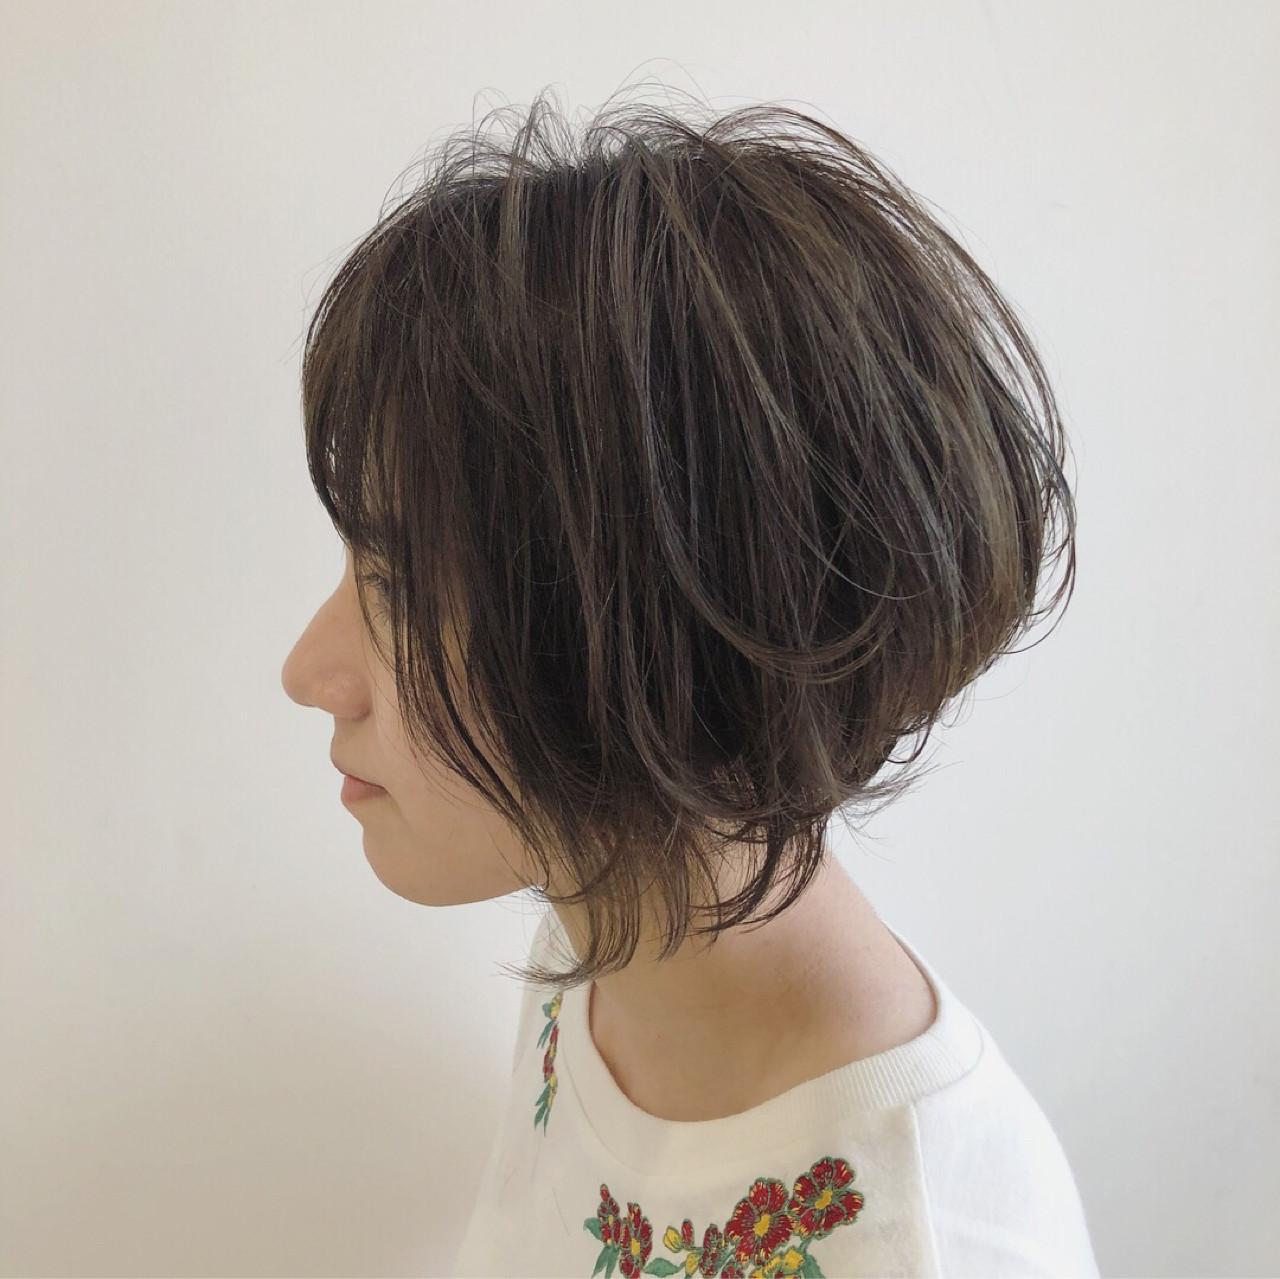 ゆるふわ 外国人風 ボブ ナチュラル ヘアスタイルや髪型の写真・画像 | Yuuta Asato / Moana by HEADLIGHT 沖縄東崎店
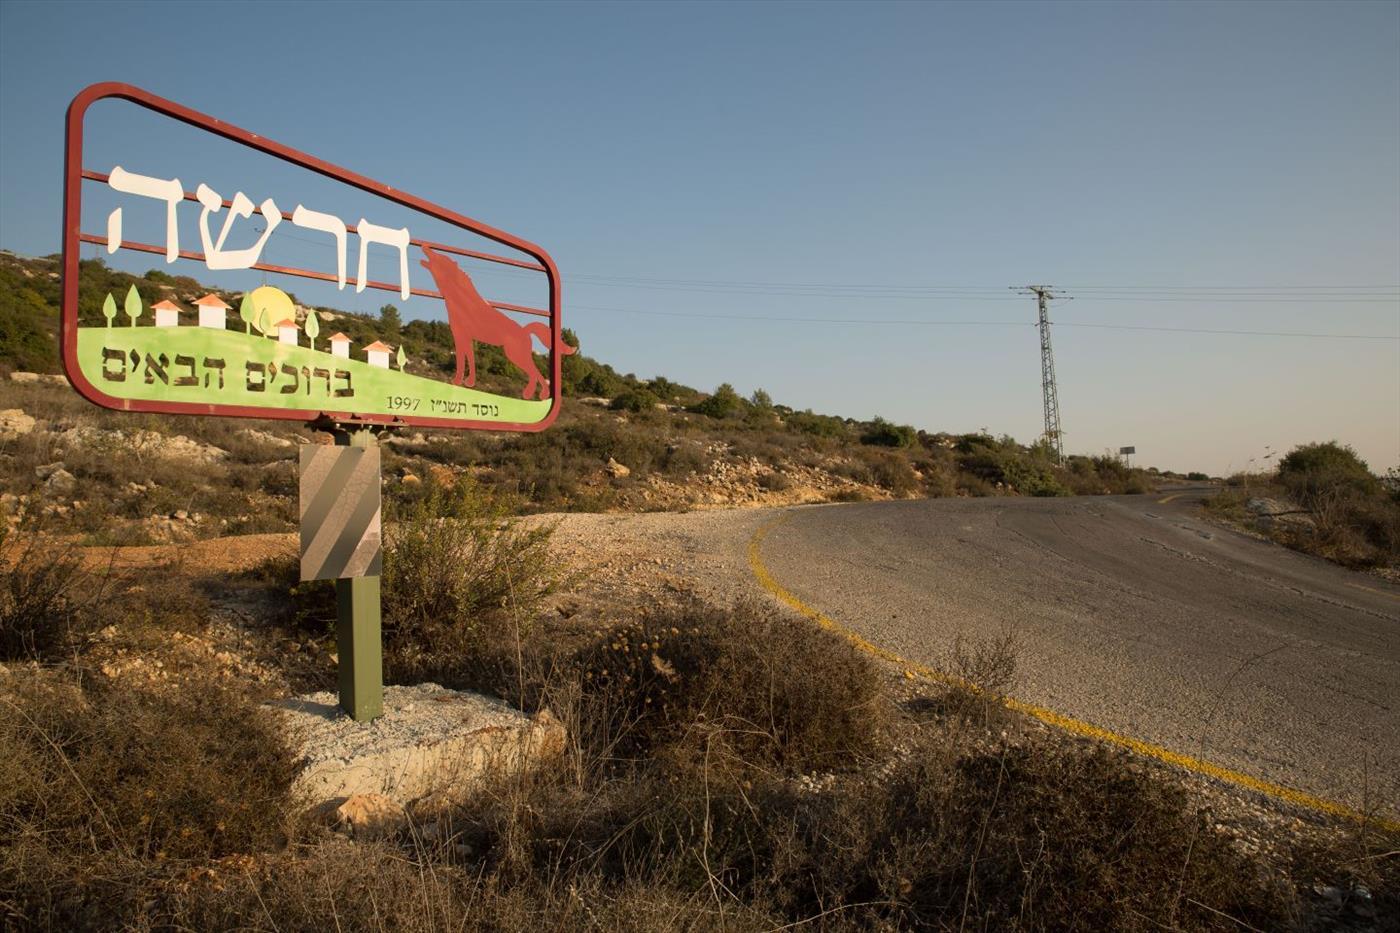 דרך הגישה לחרשה צילום: יוגב הלל/TPS
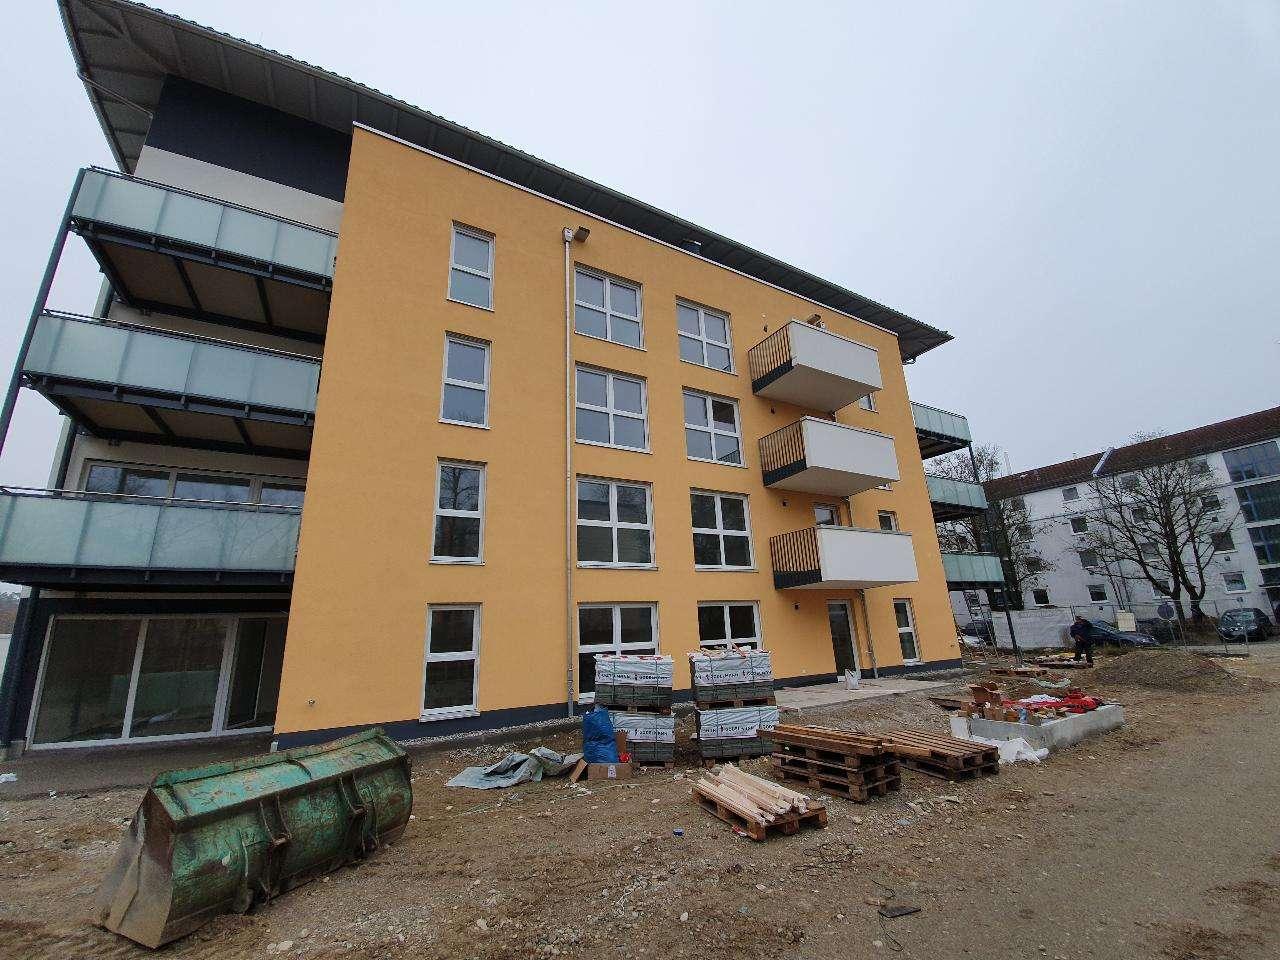 VORANKÜNDIGUNG - NEUBAU - 2-Zimmer-Wohnung in Waldkraiburg in Waldkraiburg

### YOUR TASK
Keep every word of the data as it is when you write it out, but drop the pictures.

### EXERCISE ANSWER
 ゆるふわ 外国人風 ボブ ナチュラル ヘアスタイルや髪型の写真・画像 | Yuuta Asato / Moana by HEADLIGHT 沖縄東崎店
 דרך הגישה לחרשה צילום: יוגב הלל/TPS
 VORANKÜNDIGUNG - NEUBAU - 2-Zimmer-Wohnung in Waldkraiburg in Waldkraiburg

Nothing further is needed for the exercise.